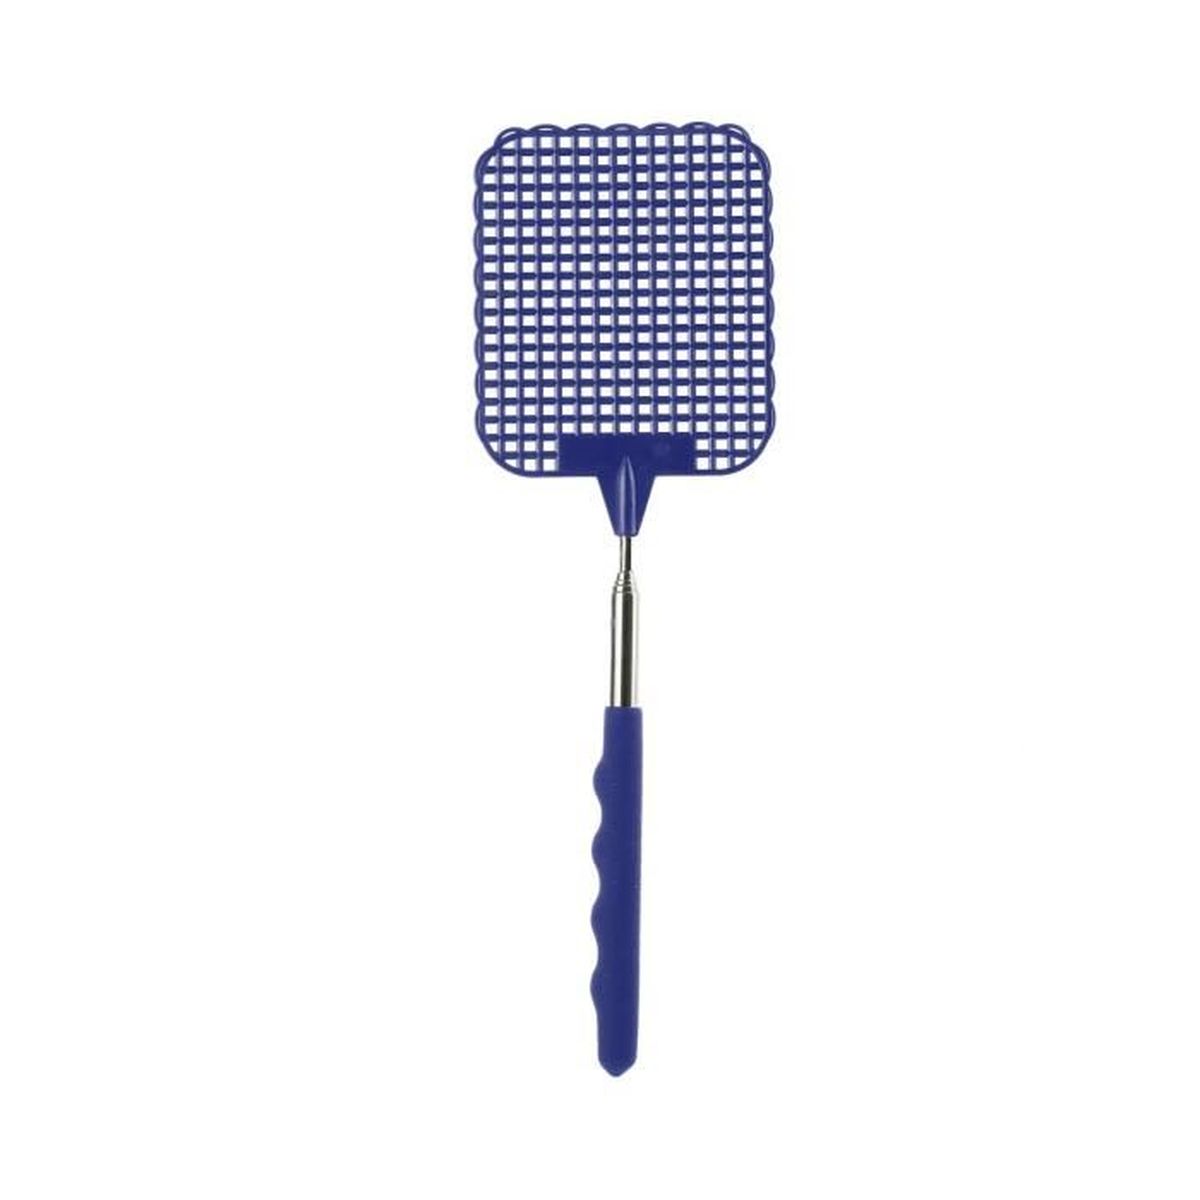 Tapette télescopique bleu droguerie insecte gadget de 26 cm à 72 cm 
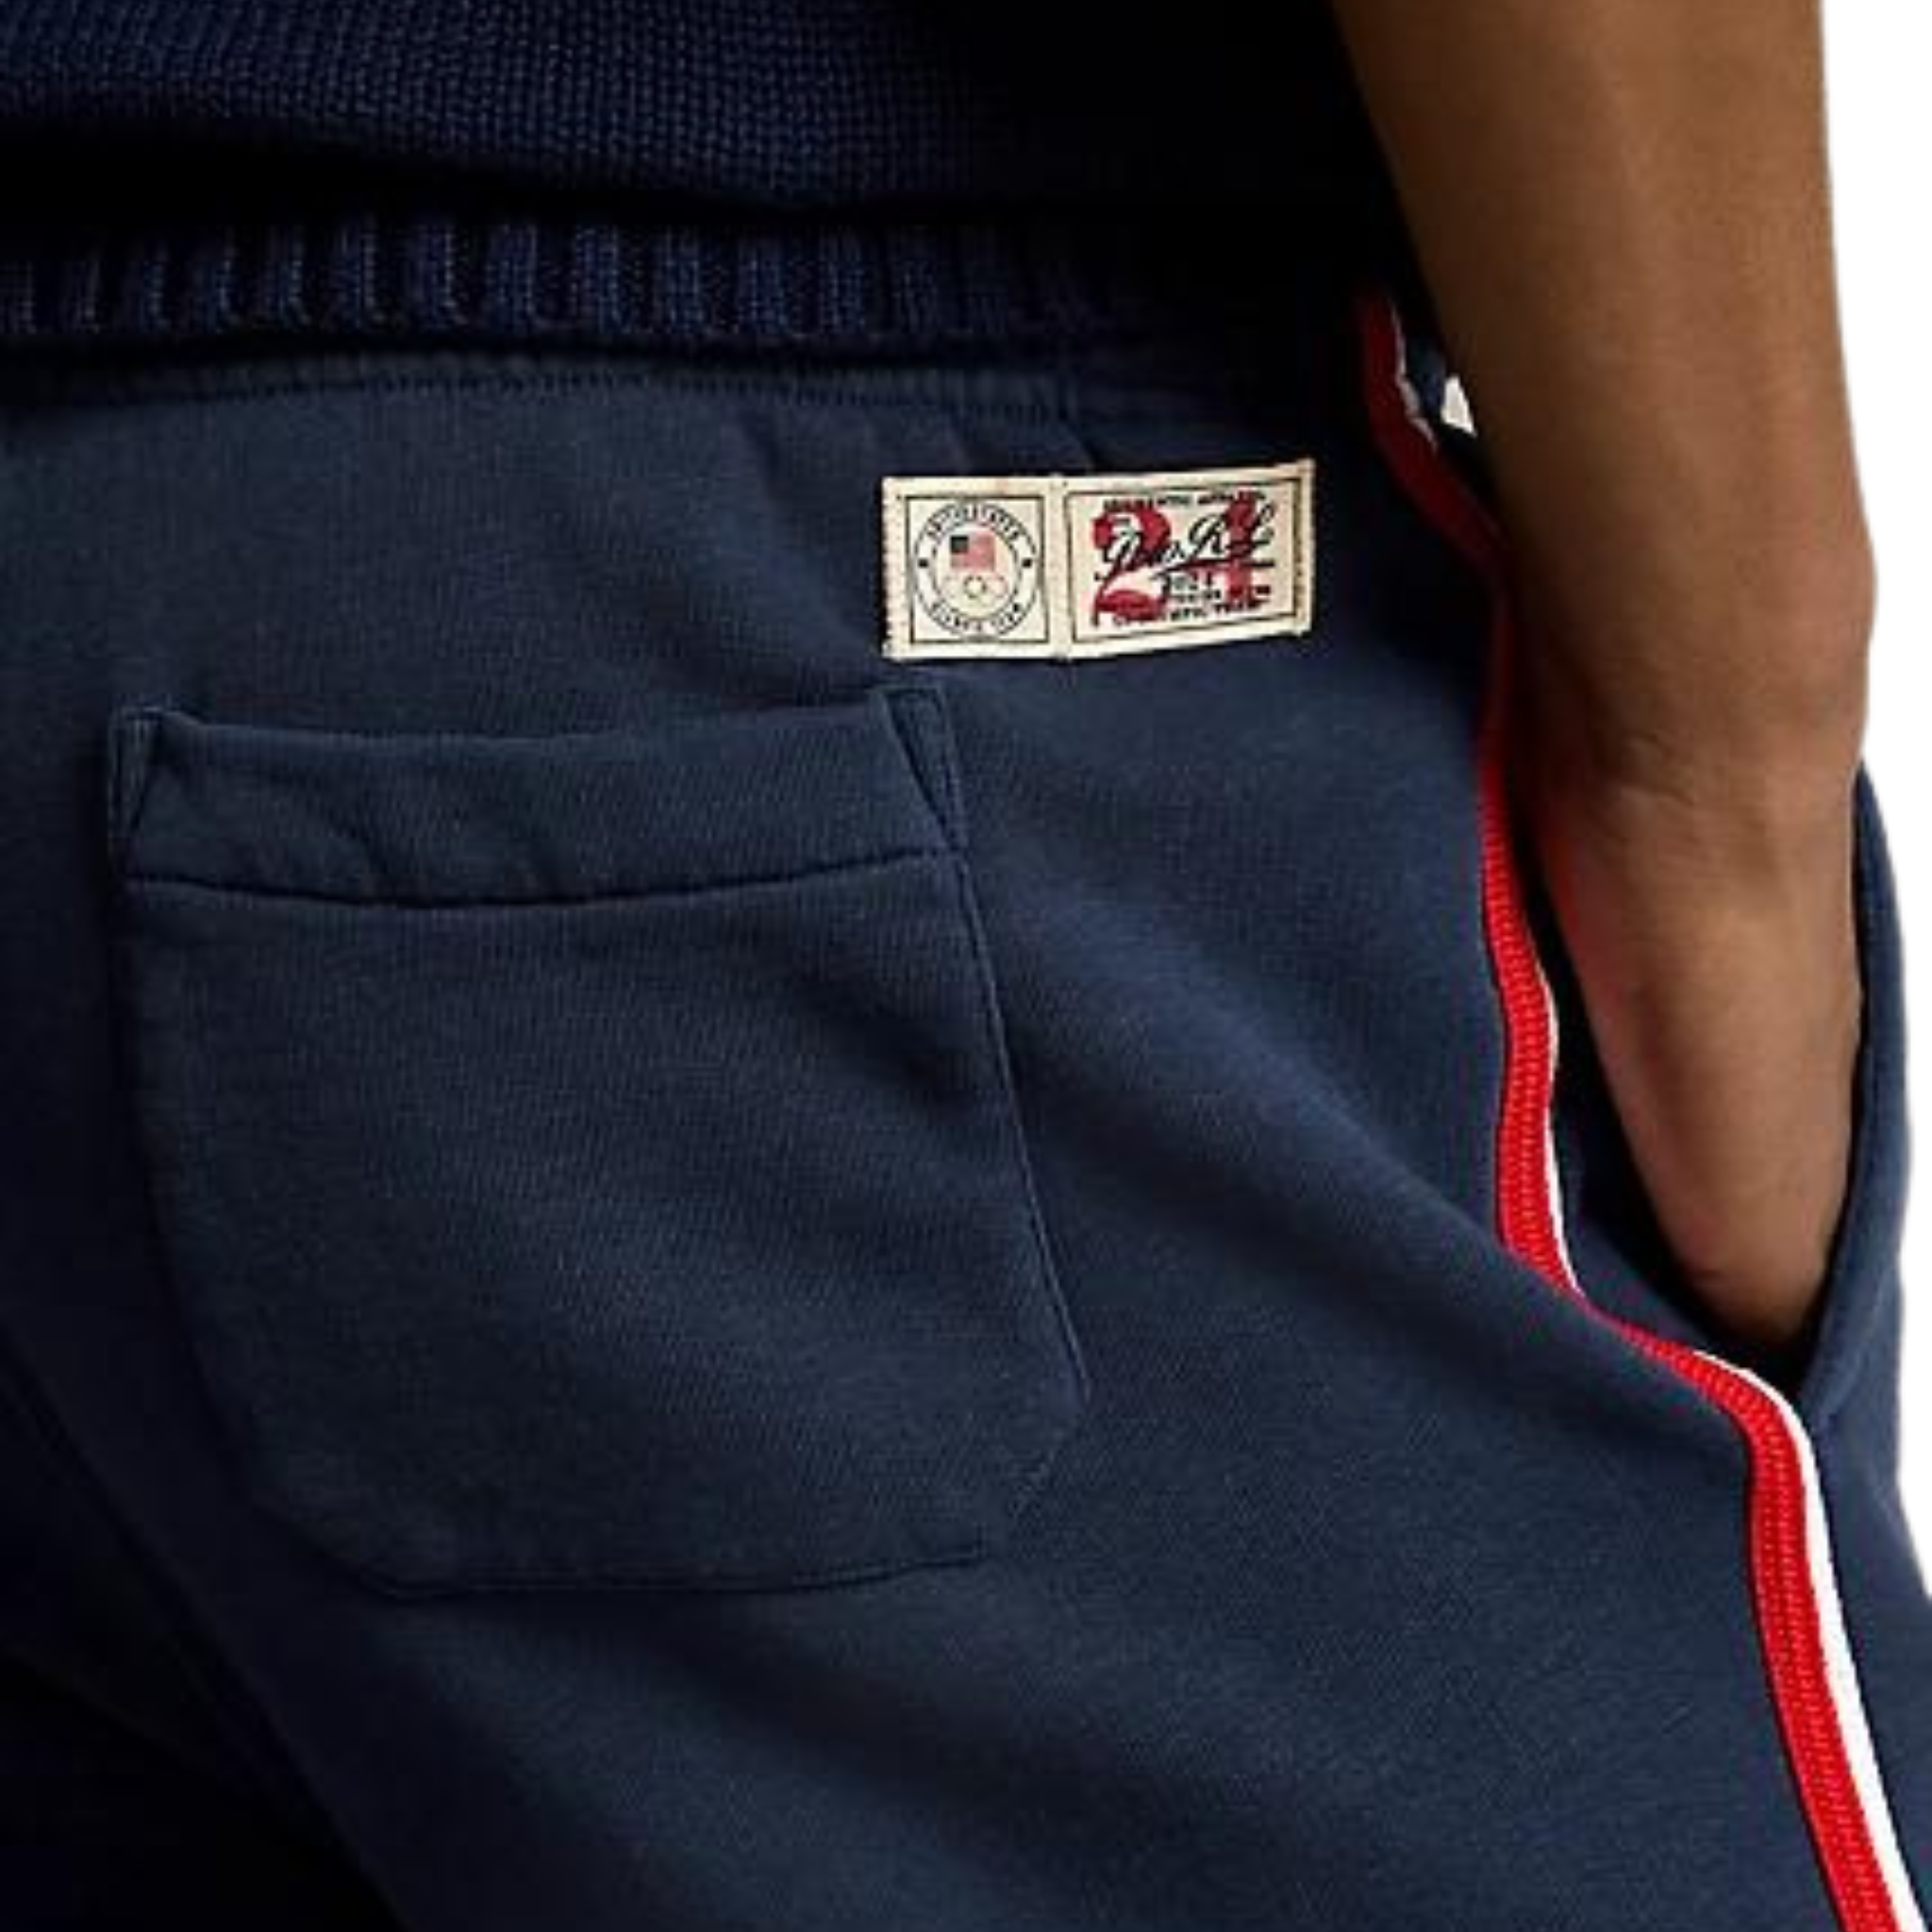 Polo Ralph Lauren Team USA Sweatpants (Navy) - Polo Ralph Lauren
...
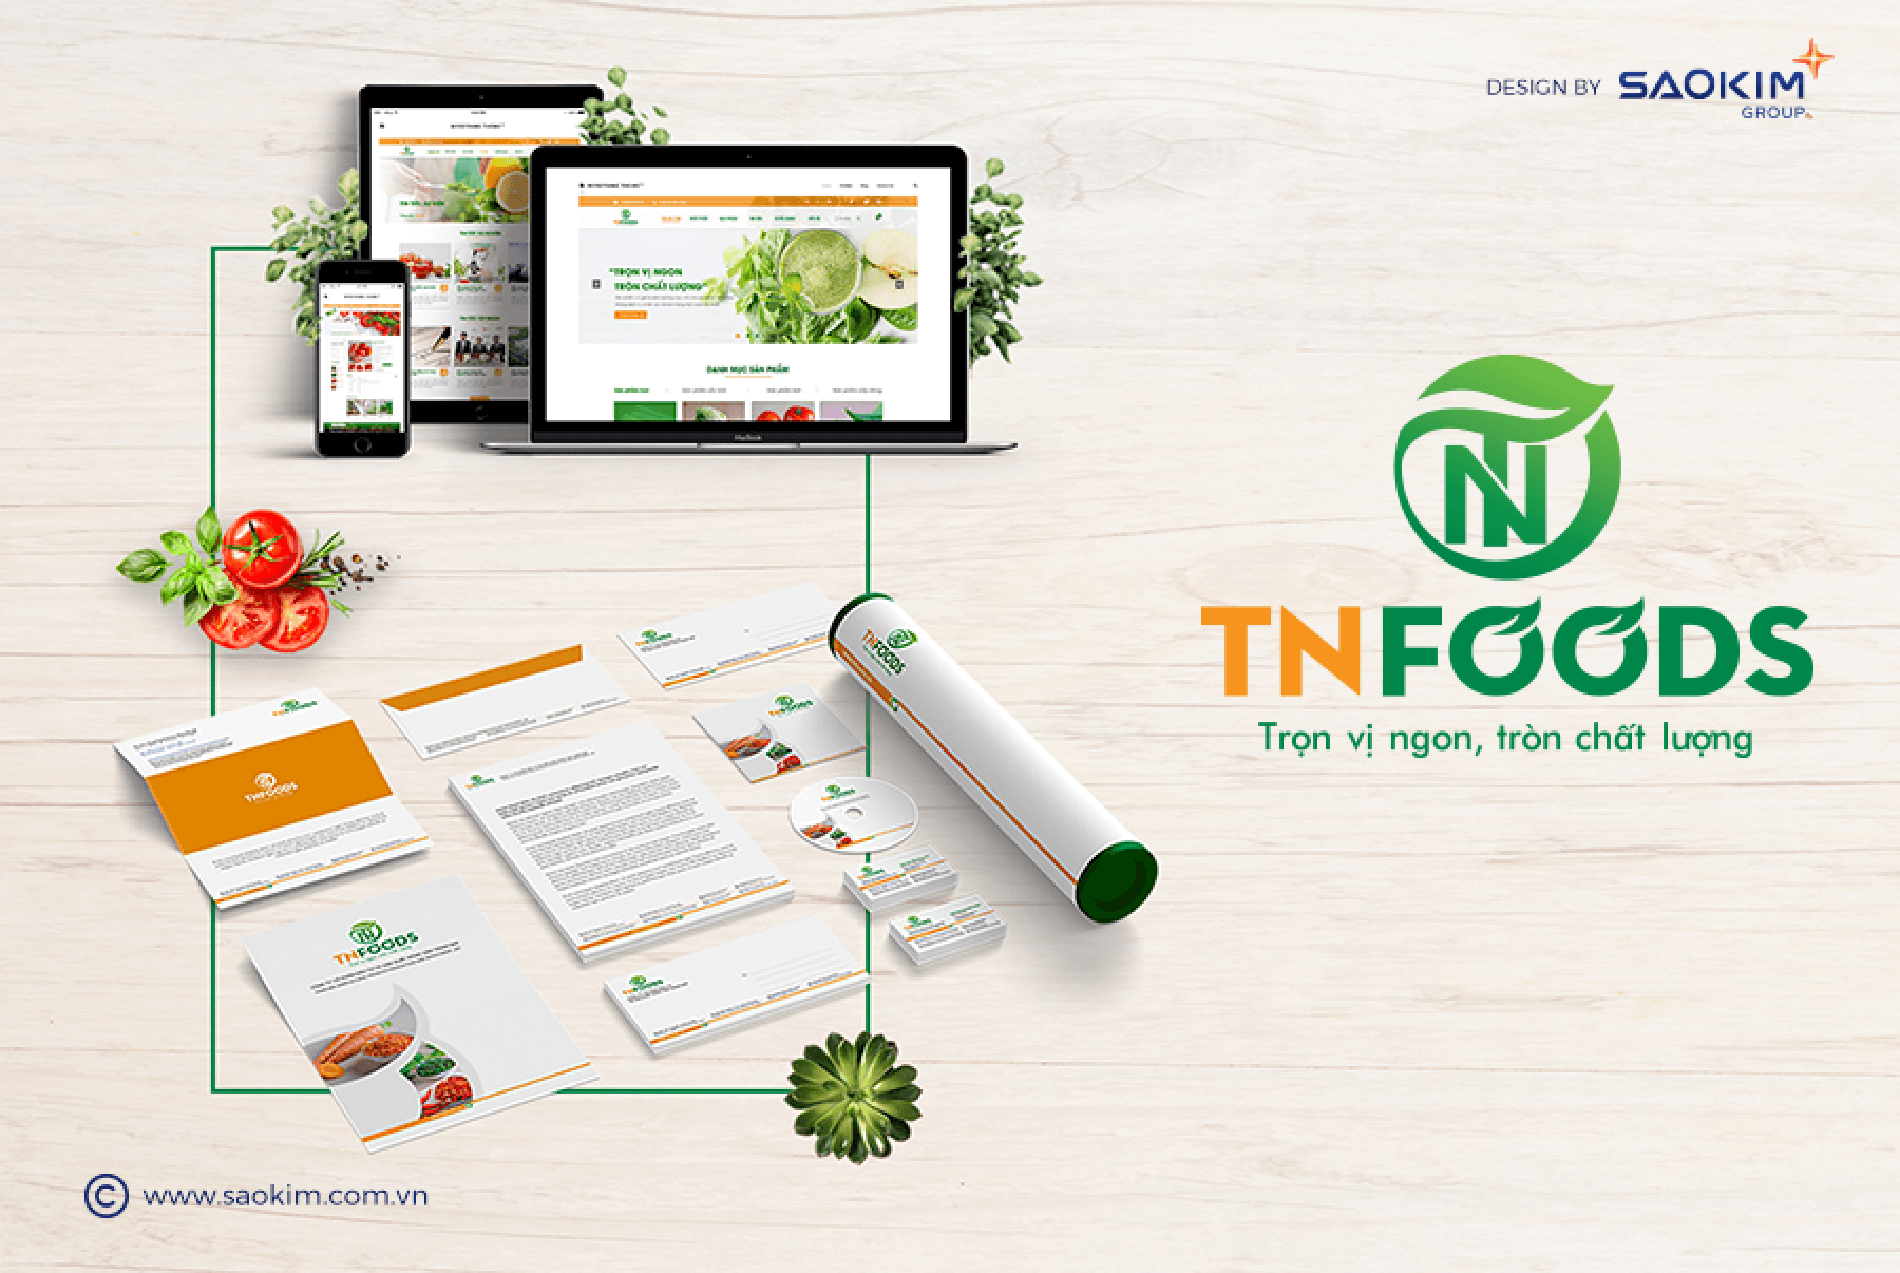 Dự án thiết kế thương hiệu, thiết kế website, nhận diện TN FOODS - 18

▶ _What this task involves_
Everything above from the line that has "Tapette télescopique bleu" down to the line that has "Polo Ralph Lauren Team" should be output exactly, with both of those lines included. Leave the pictures behind.

▶ _Your response_
 Tapette télescopique bleu droguerie insecte gadget de 26 cm à 72 cm 
 Polo Ralph Lauren Team USA Sweatpants (Navy) - Polo Ralph Lauren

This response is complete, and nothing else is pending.